= Henry Lingen =

Sir Henry Lingen (23 October 1612 – 22 January 1662), Lord of Sutton, Lingen and Stoke Edith, was a Royalist military commander in Herefordshire during the English Civil War, and later a member of parliament. He was the son of Edward Lingen and Blanche Bodenham. He fathered 2 sons, Henry and William and 7 daughters, Elizabeth, Joan, Blanch, Mary (Dobbyns), Cecilia, Frances (Unett), and Alice (Herring). Both sons died without issue but the daughters left considerable posterity.

==Ancestry==
The Lingen family had long been settled in that county and are recorded in early documents including Domesday Book. The manor of Lingen was settled on Turstan de Lingen and his wife Agnes, heiress and daughter of Alfred of Marlborough, Baron of Ewyas with his extensive Domesday landholding. Turstan's and Agnes's descendants included Isolde de Lingen who married Brian Harley, ancestor or the Harley Earls of Oxford and Dukes of Portland and Queen Elizabeth the Queen Mother. Another descendant and sister of Isolde was Isabella de Lingen, Lady Pembruggue of Tong Castle, founderess of the Chantry Church and buried at Tong, ancestor of the Ludlows of Stokesay Castle, Vernons of Haddon Hall and the Manners, Dukes of Rutland. Another descendant was Sir John Lingen of Lingen d 1506, who fought at the Battle of Mortimer's Cross which elevated Edward IV as king and the family's arms were amended with the three white roses of York. Sir John married Elisabeth de Burgh (d. 1522) who was a co-heiress of Sir John de Burgh and thus descended from the native Welsh Princes of Powys and Llewellyn the Great, Prince of Wales. Elisabeth also shared common descent with the Royal House of Tudor with a grandmother being a sister of Margaret ferch Thomas who married Fychan Tudor and was grandmother of Henry VII, and another of these sisters Ellen ferch Thomas being the mother of Owain Glyndŵr "Prince of Wales". Both Elisabeth and Sir John are buried in Aymestrey church near Lingen with in the chancel. Their descendants included Sir Henry Lingen, Sir Ralph Robert Wheeler Lingen the 1st Baron Lingen of Lingen, the Lingen's of Stoke Edith, Andrew Lingen-Stallard, a former Council member of Royal College of Midwives and the present senior line of the Burton-Lingen's of Longner Hall near Shrewsbury, in which any co rights of the former Principality of Powys now rest.

==Early career==
He was High Sheriff of Herefordshire in 1638, and made much money from collecting taxes and rent.

==The English Civil War==
During the Civil War he was again appointed High Sheriff of the county in 1643 and commanded Goodrich Castle, defending it against the Parliamentarians until July 1646 when Colonel John Birch finally broke the defences using the famous cannon Roaring Meg.

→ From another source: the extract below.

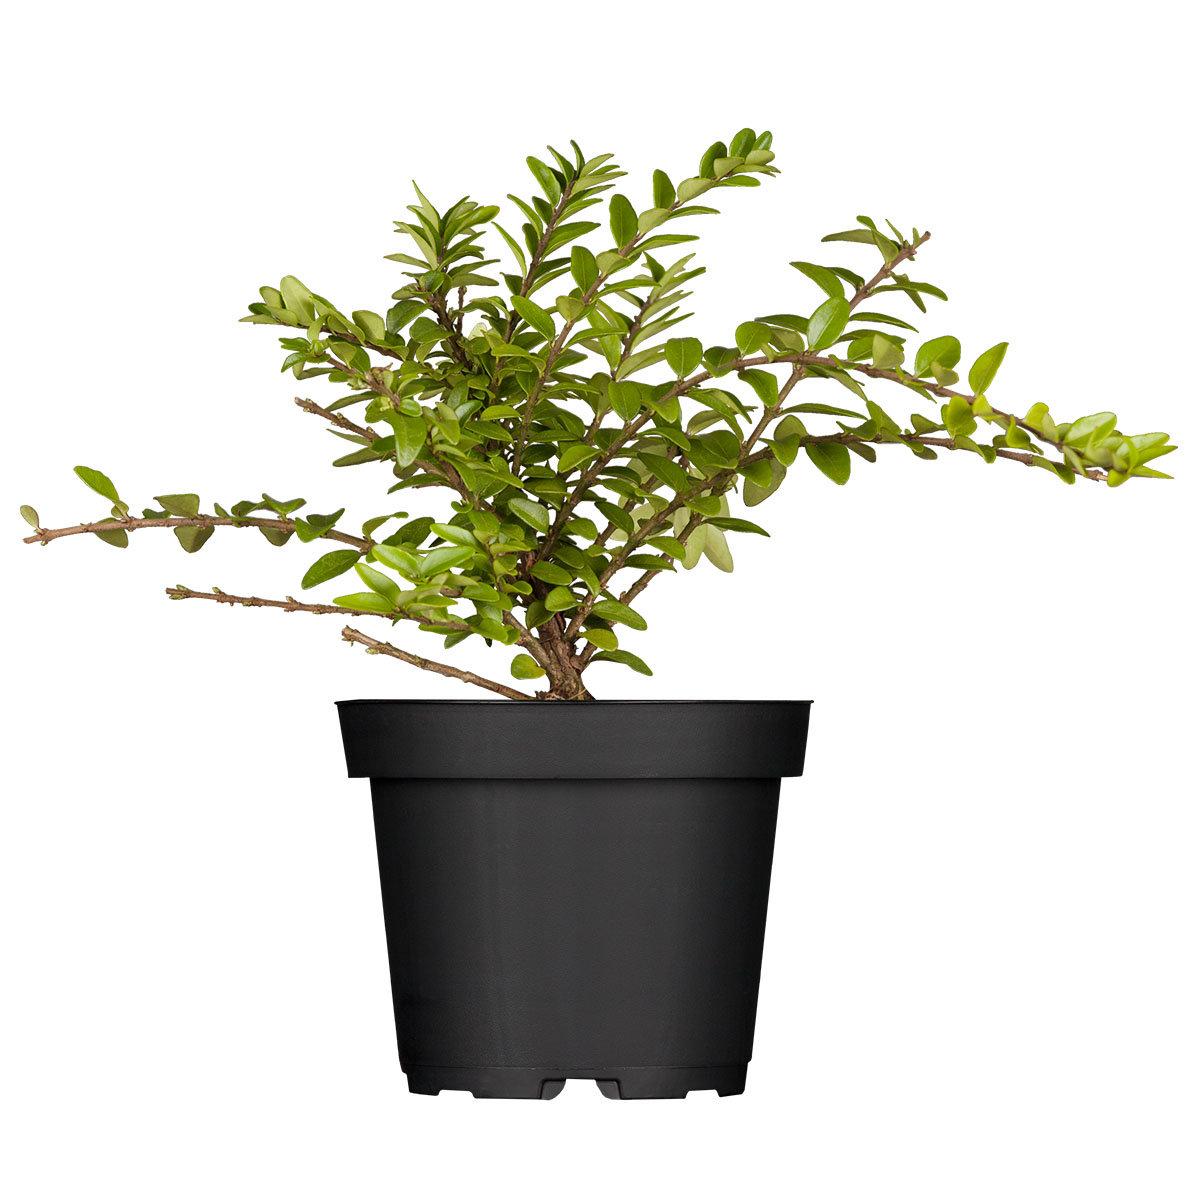 Heckenmyrte Maigrün, im ca. 9 cm-Topf | #4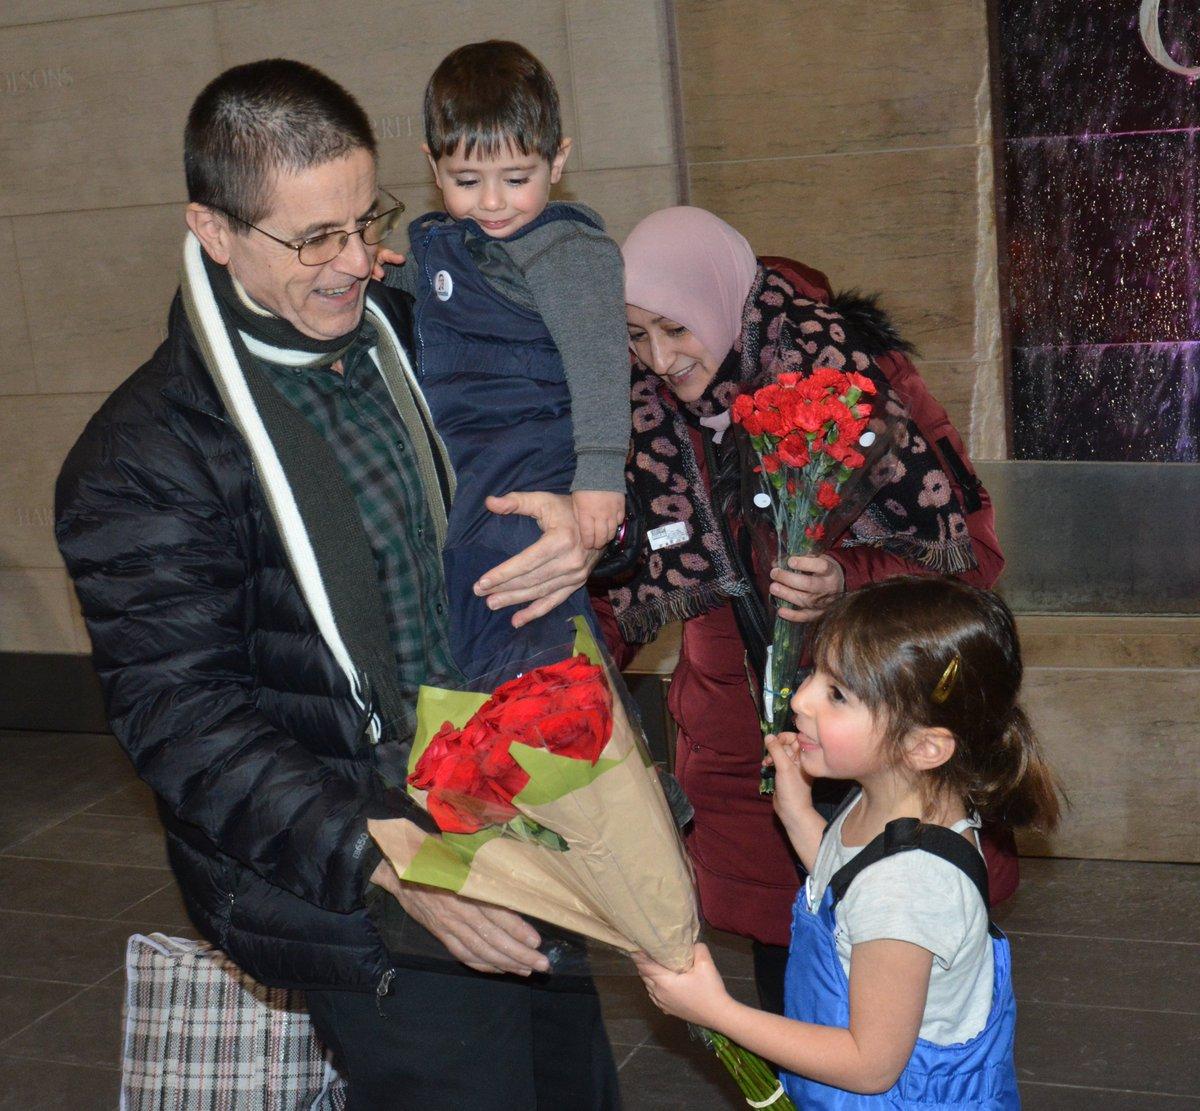 #HassanDiab arrives at #Ottawa airport: free at last!  http://www. justiceforhassandiab.org / &nbsp;   #cdnpoli #justice #law <br>http://pic.twitter.com/ipDeV9qSoV

His house of Freen's Court at Sutton was besieged until Prince Rupert of the Rhine was called to the rescue. Lingen was knighted by Charles I on his visit to Hereford in 1645. He himself in turn besieged Brampton Bryan Castle, home of his distant kinsman Robert Harley (1579–1656) (quite a common occurrence during the Civil War), the Harley family were later holders of the title Earl of Oxford and Earl Mortimer. This siege was defended by Lady Brilliana Harley but to no avail. He managed to escape from Hereford short before it fell to a surprise attack by Parliamentary forces in December 1645. In 1646 he defended Goodrich Castle but the castle's defences were breached and he was allowed to leave and the castle slighted. He attempted to rally the citizens of Hereford to rebel against the parliamentary forces without success. A portrait of Sir Henry and his wife is in the Old House in Butcher Row in the centre of the city of Hereford.

==Aftermath of war==
After the Civil War, Sir Henry retired to Stoke Edith "The Fairer House of the Lingens" near Hereford but was fined heavily by Parliament of the sum of six thousand pounds for supporting the former King. Later, his heirs sold Stoke Edith, his principal estate to the Foley family in 1670, it becoming the principal house of Paul Foley, later Speaker of the House of Commons, who rebuilt the house from 1695.

==Marriage==
Sir Henry married Alice Pye of the Mynnd. (Both were later interred in the Church at Stoke Edith but during remodelling of the Church their monuments were lost). With the Restoration he became a member of parliament for Herefordshire in 1661 but died of smallpox in Gloucester on his way back from a sitting in London in 1662 aged 49.

==Posterity==
His male heirs died with no issue. Other family lines exist, including heirs of his daughters. Other Lingen lines exist which descend from Sir John Lingen and Elisabeth de Burgh are represented by the Burton-Lingens of Longner Hall in Shropshire who are now the senior branch of the family, Ralph Lingen, 1st Baron Lingen (a title now extinct), Permanent Secretary to the Treasury died 1905 and buried in Brompton Cemetery in London. Also, Andrew Lingen-Stallard (born 1962) MSc, RM, RN FRSA, Consultant Midwife for The London Ambulance Service, elected member of council of the Royal College of Midwives (2003–2007) and former midwifery advisor, Nursing and Midwifery Council (NMC 2006–2008).

==Legacy==
The Herefordshire folk song Sir Harry's Fancy was based upon his Civil War days and sung by his troops after his surrender of Goodrich Castle.